▶ Work required
Give back the data below word for word. Any image in it should be left out.

▶ Data segment
===

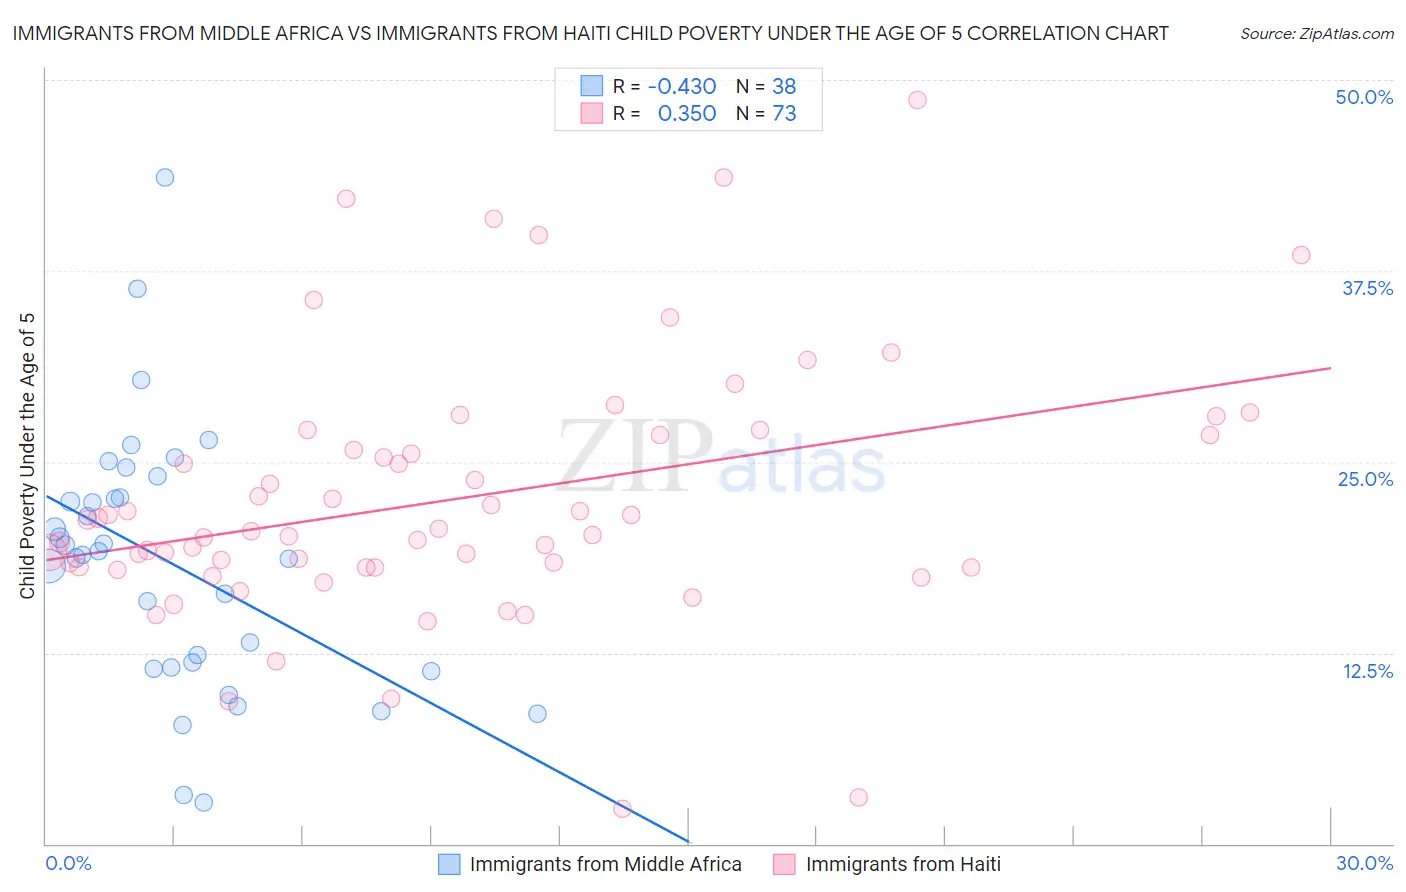 Immigrants from Middle Africa vs Immigrants from Haiti Child Poverty Under the Age of 5
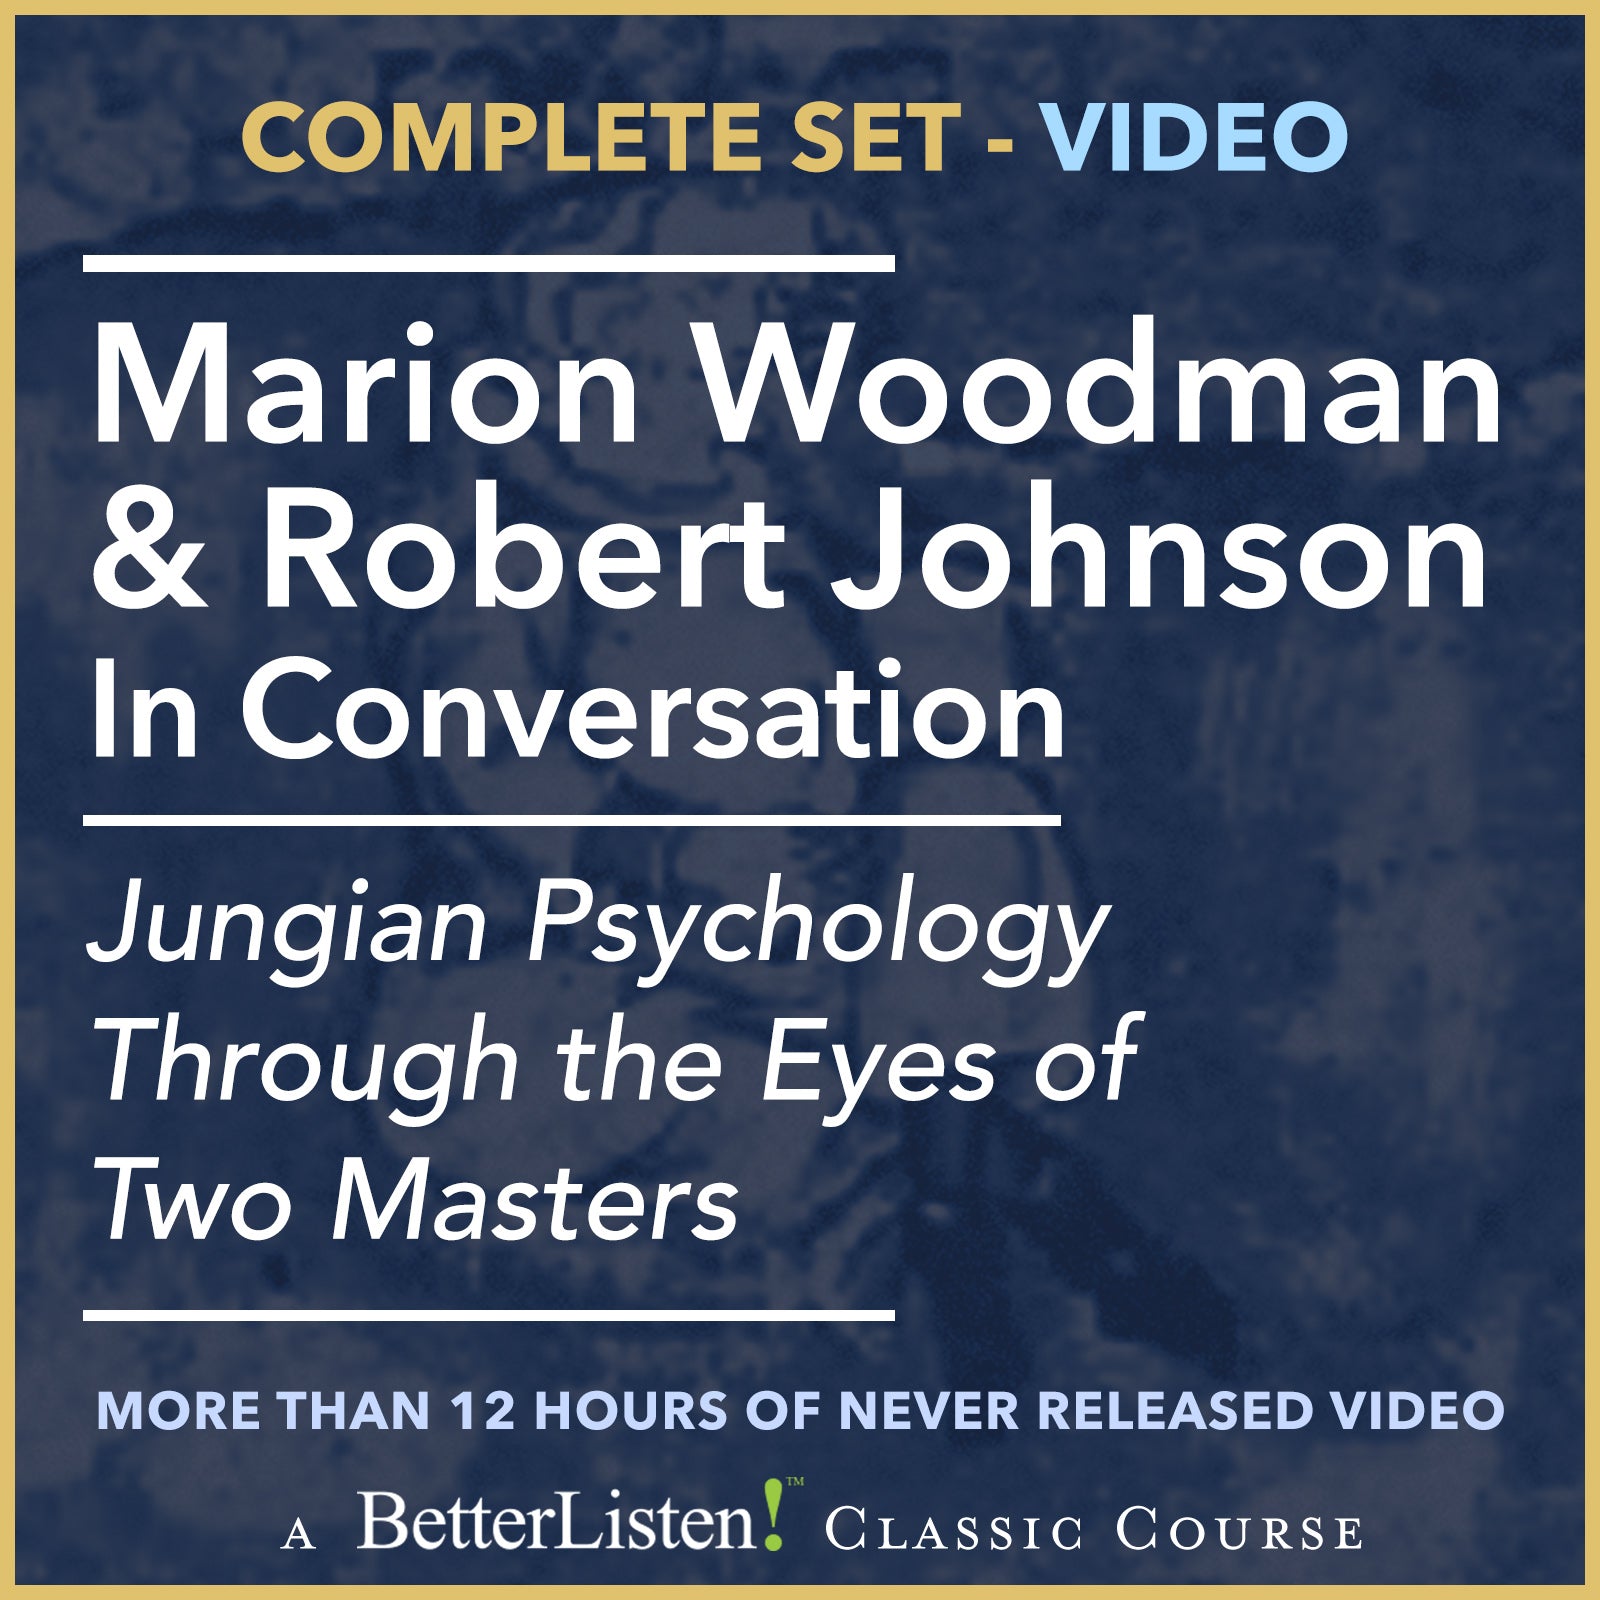 Marion Woodman & Robert Johnson In Conversation: Complete Set of VIDEO, Jungian Psychology Through The Eyes of Two Masters
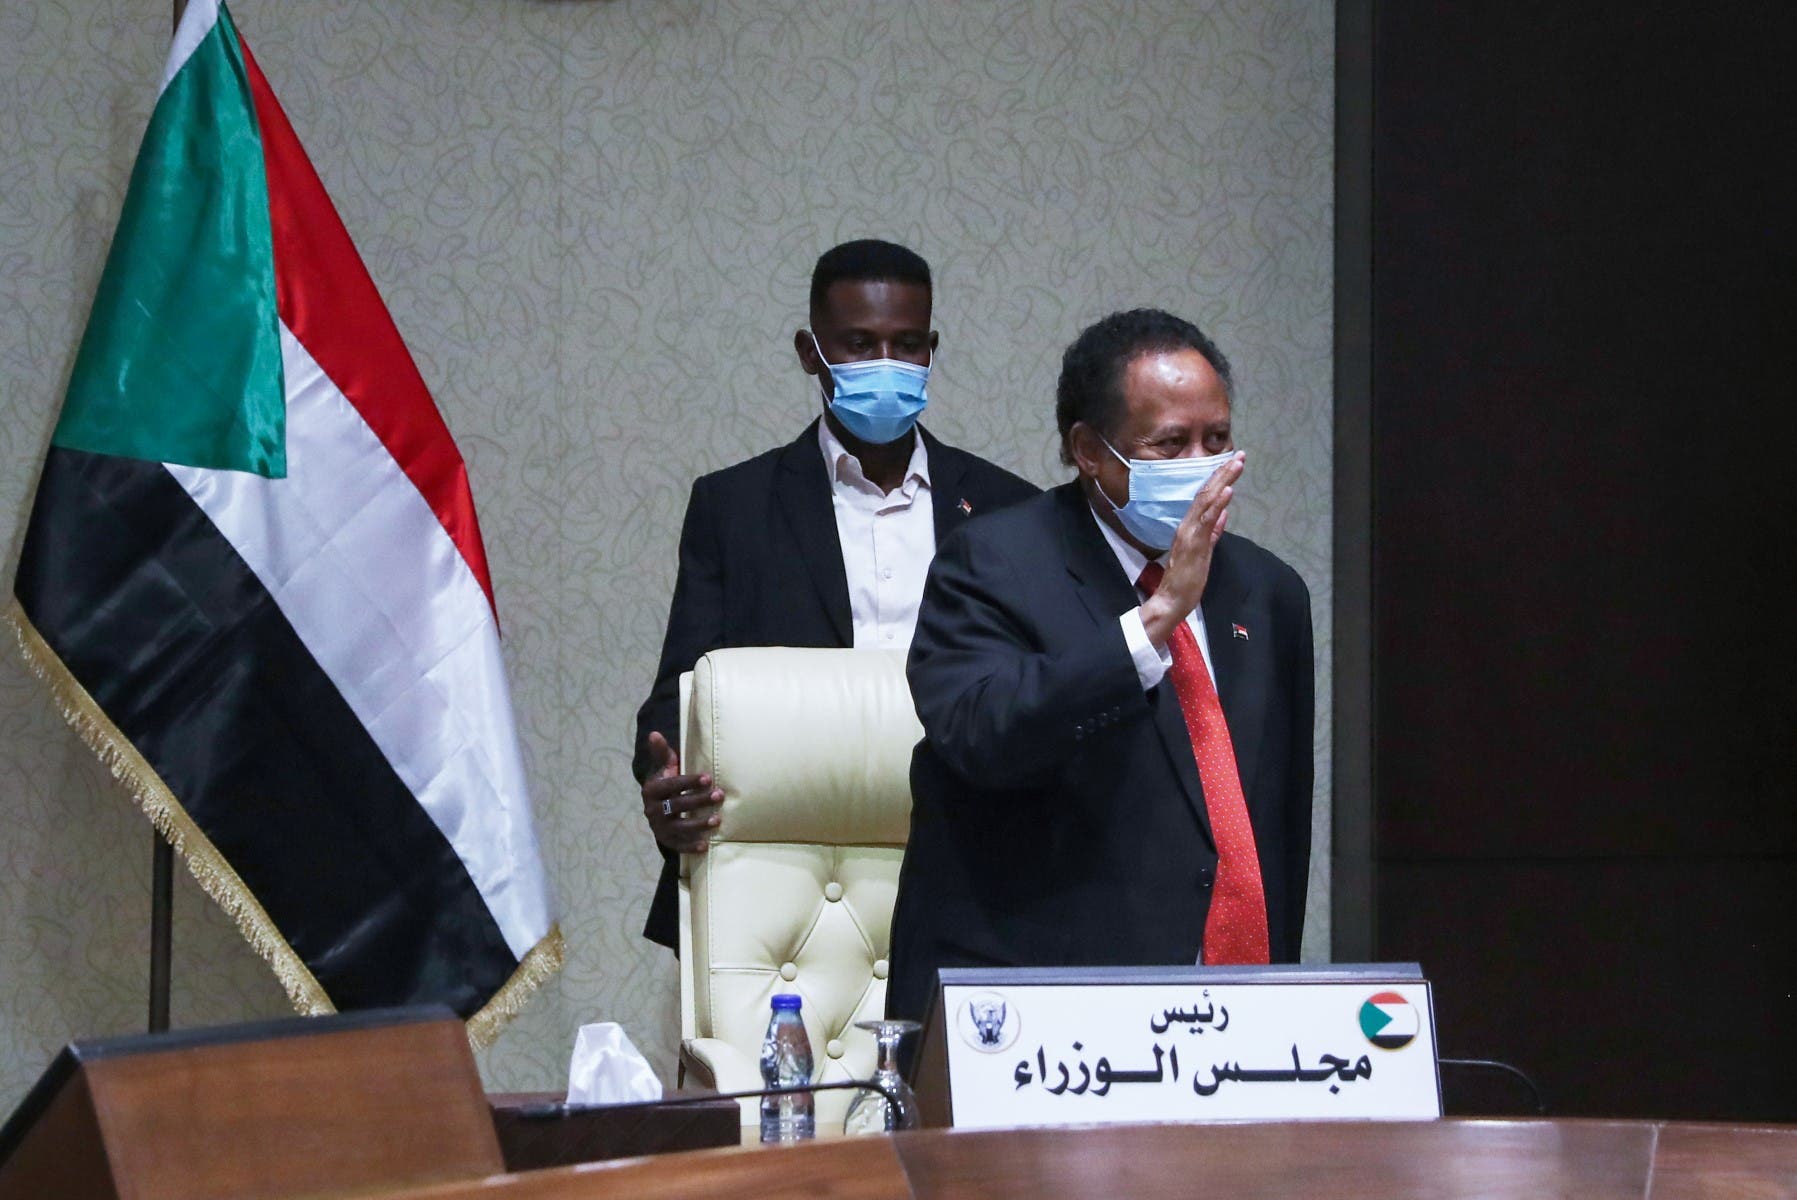 Britain is saddened by Hamdok’s resignation … and international support for the Sudanese

===

▶ Written response
 Immigrants from Middle Africa vs Immigrants from Haiti Child Poverty Under the Age of 5
 Marion Woodman & Robert Johnson In Conversation: Complete Set of VIDEO, Jungian Psychology Through The Eyes of Two Masters
 Britain is saddened by Hamdok’s resignation … and international support for the Sudanese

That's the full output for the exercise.